Faculty at NJIT looked at the results of Hurricane Sandy and felt that the precast concrete design course would be the appropriate place to address storm resistant design for the Jersey Shore. After designing solutions for several public structures, the students presented their work in several places, including to a local mayors conference. The projects chosen by the students allowed them not only to study precast concrete design, but also have opportunities to communicate about the value and meaning of their work to “real world” audiences.
“Post Hurricane Sandy, that has been a focus of the entire university and we have led the charge with that with our resilient design center. We have tried to find collaborators in the community to help with this,” says professor and team leader Matthew Burgermaster. “They help us envision new types of design and constructions solutions that might be useful to the marketplace.
At some schools, the research done by the professor drives the type of project that is chosen. For example, at the University of Texas at Arlington (UTA), the focus has been on digital fabrication of precast concrete. “What we are looking at here is ways in which you could implement 3D geometrically precise rebar nodes. This was actually something we kind of stumbled across,” says Bradley Bell of UTA. “We were making a kind of porous panel and we were having trouble beginning to structure and we could have done it with GFRC. We were looking at concrete composition mixtures, but we were trying to introduce steel and structure it in a different way not just through material composition. So it was how we began to precisely locate our structural rebar. We had the digital tools to do that and how do we begin to locate the rebar relative to our digital model.”
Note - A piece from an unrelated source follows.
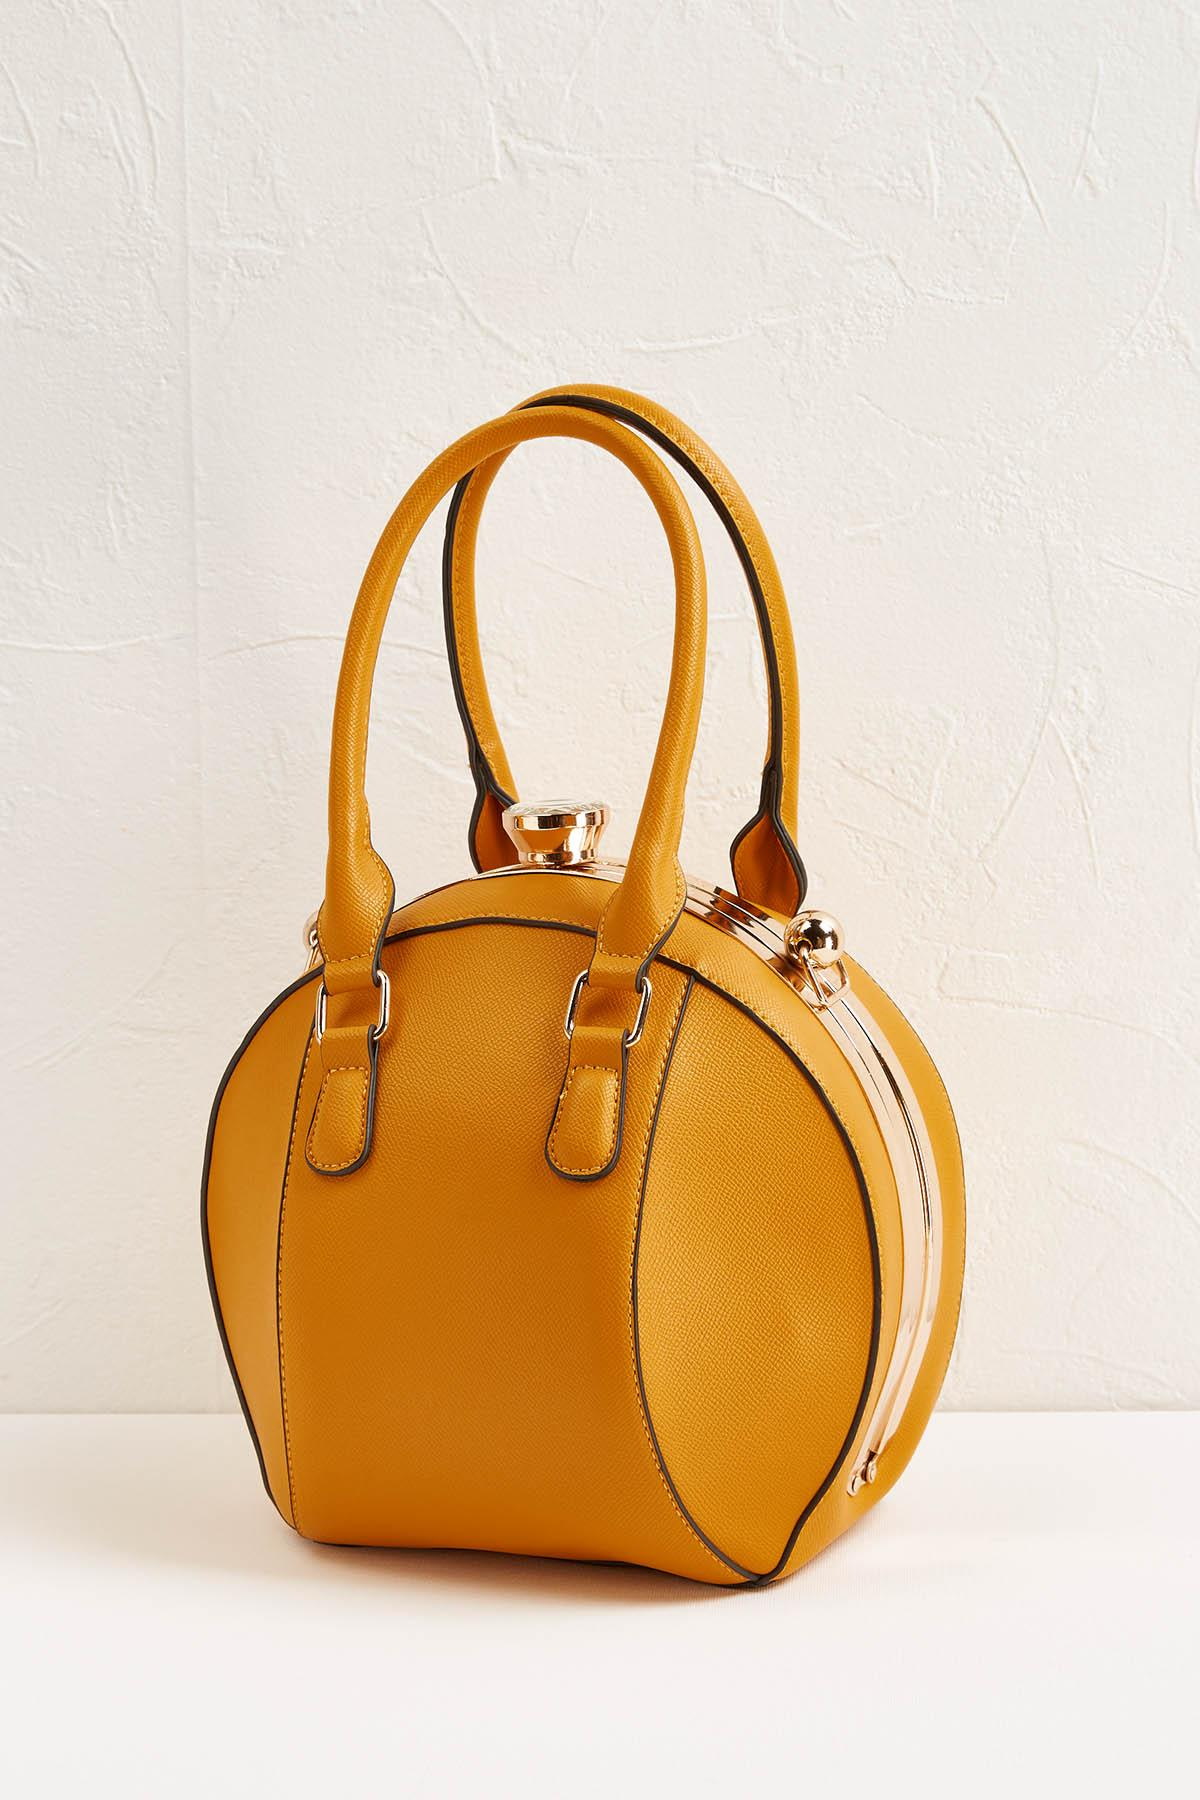 Ball Shaped Yellow Handbag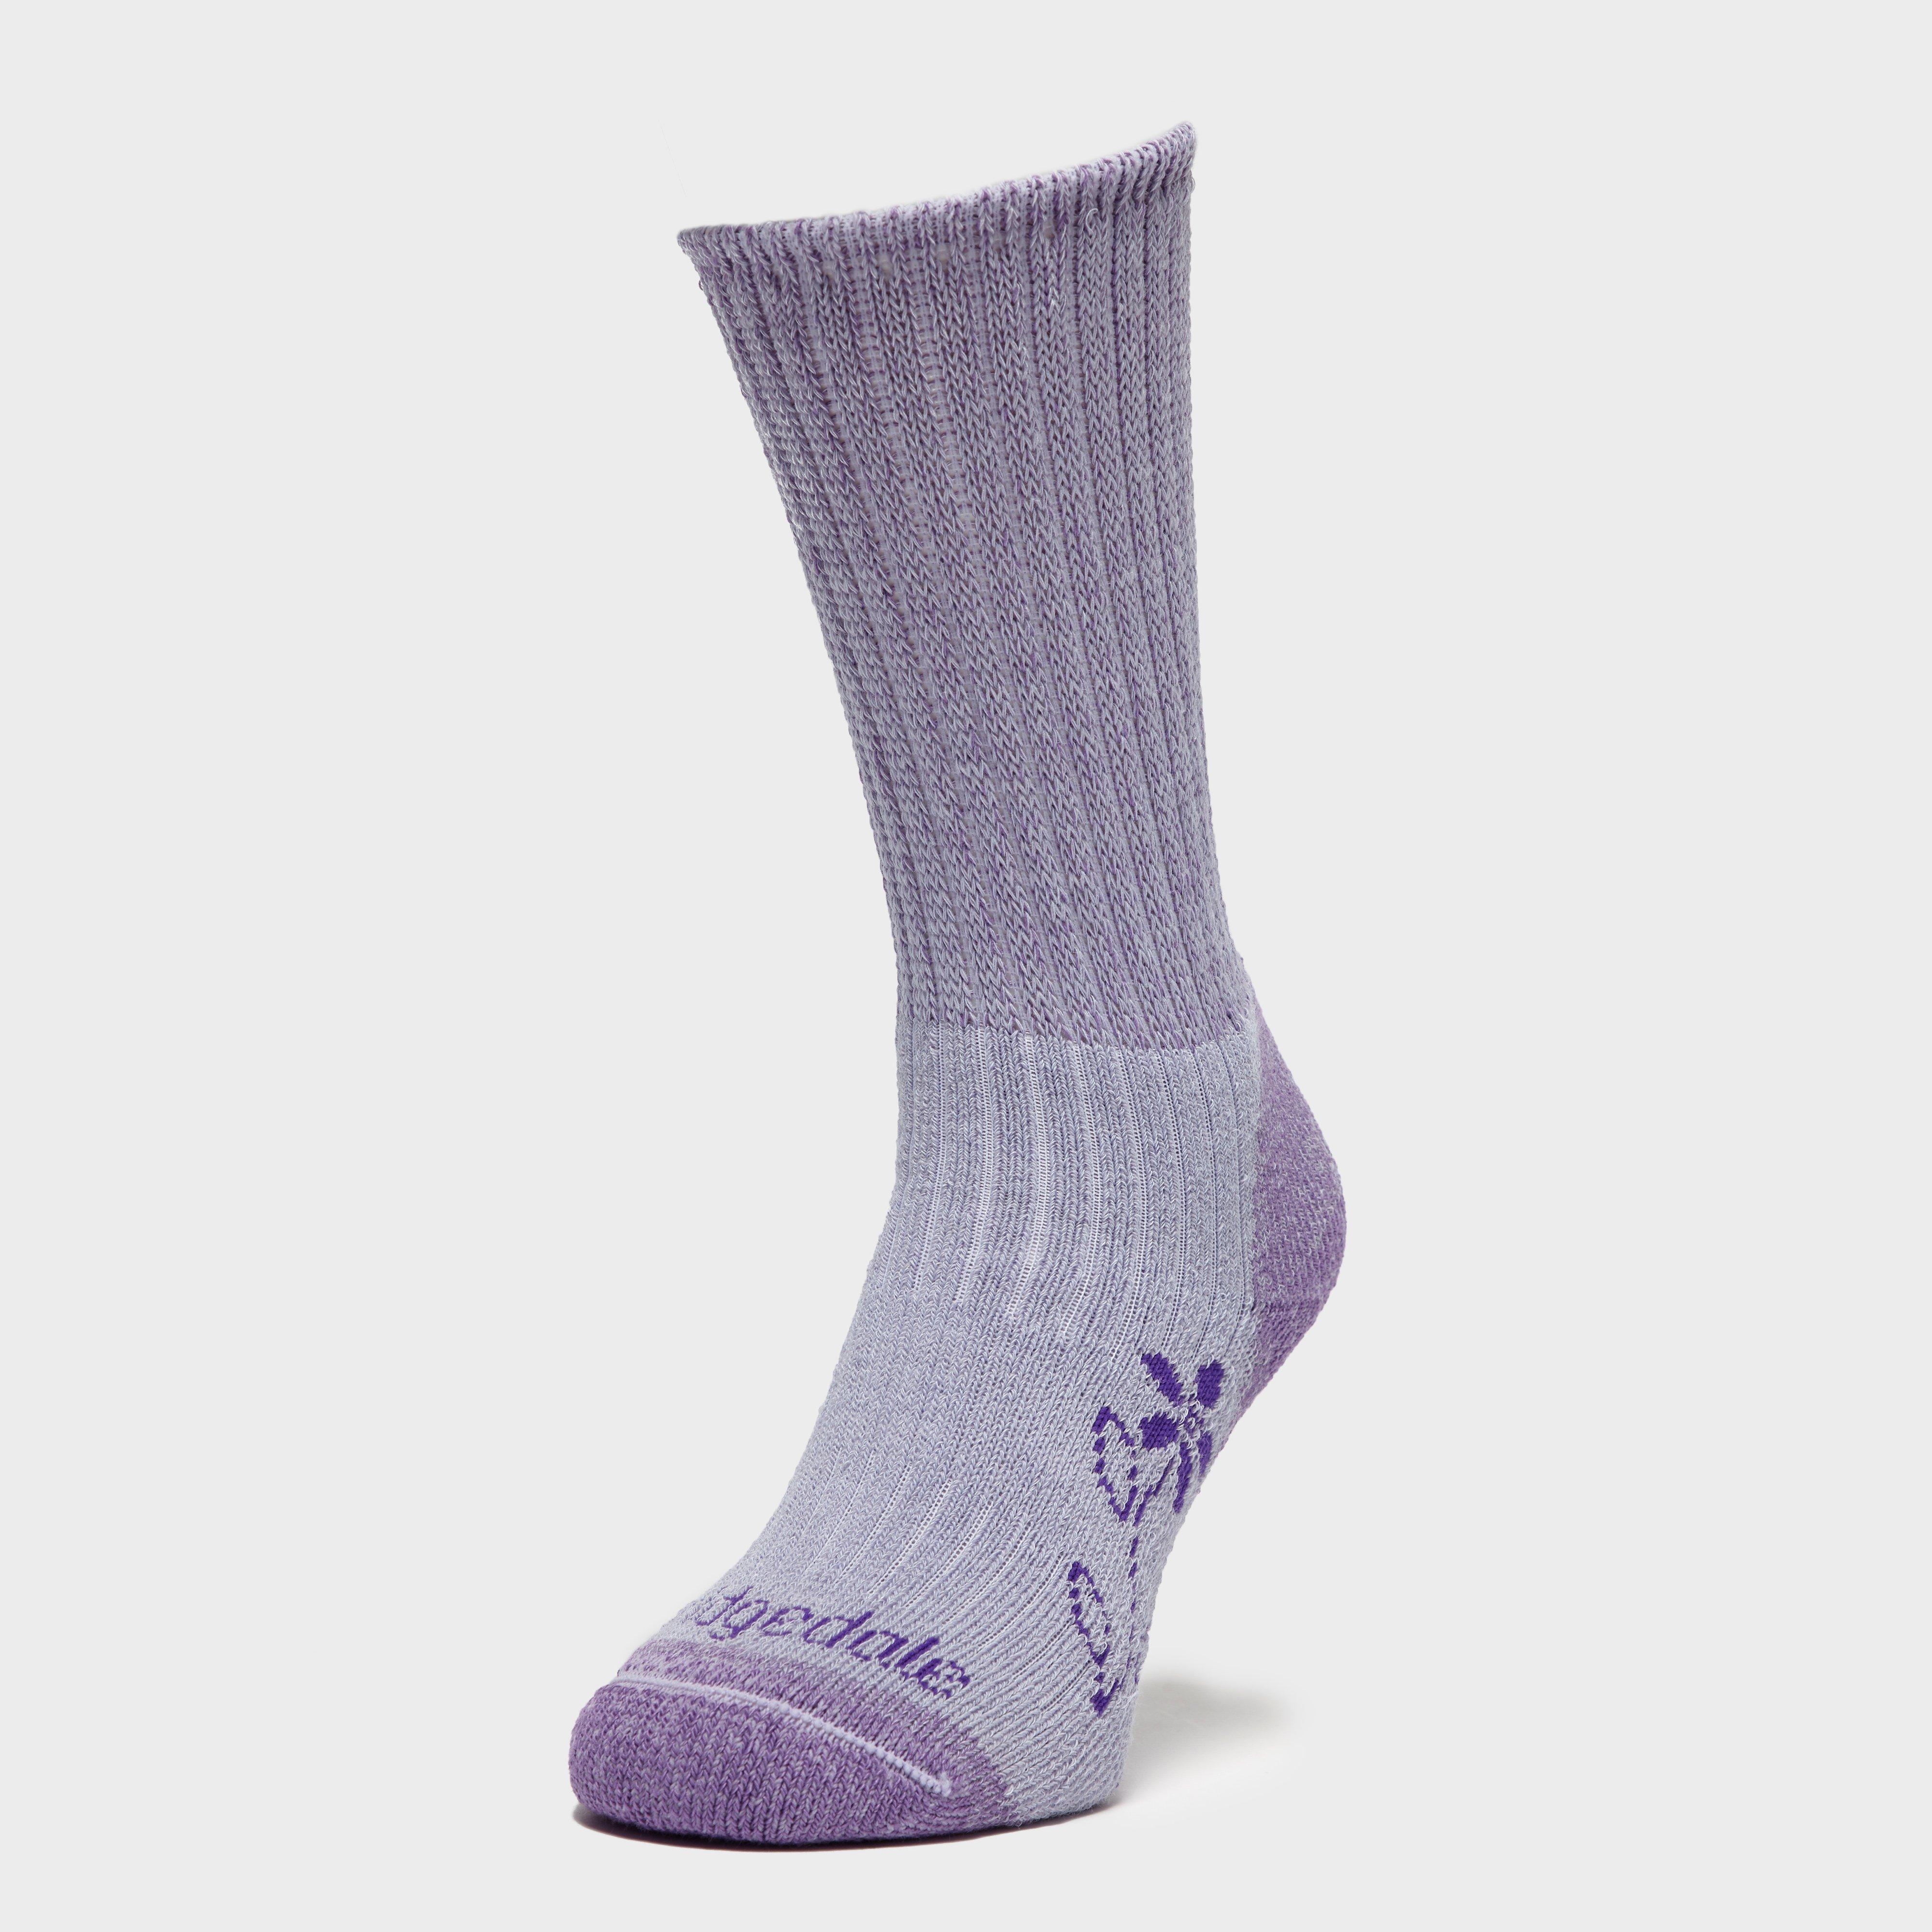 Bridgedale Bridgedale womens Hike Midweight Comfort Socks - Purple, Purple

Does the project lend itself to precast? This is a question that your local partners will be able to help you answer. Some projects are natural “fits” for precast concrete. Types of projects that work well include those:
* with enough repetition to make precast work well
* requiring structural characteristics that lend themselves to precast
* having tight site requirements and little lay down space
* that would benefit from energy savings garnered from thermal mass
* which use precast as a total system rather than just looking at individual components
* including requirements for minimizing job site disturbance
In the end, there is no one thing that makes a project perfect for a precast concrete studio. Each professor must carefully select a project to meet the special needs of his or her school and students.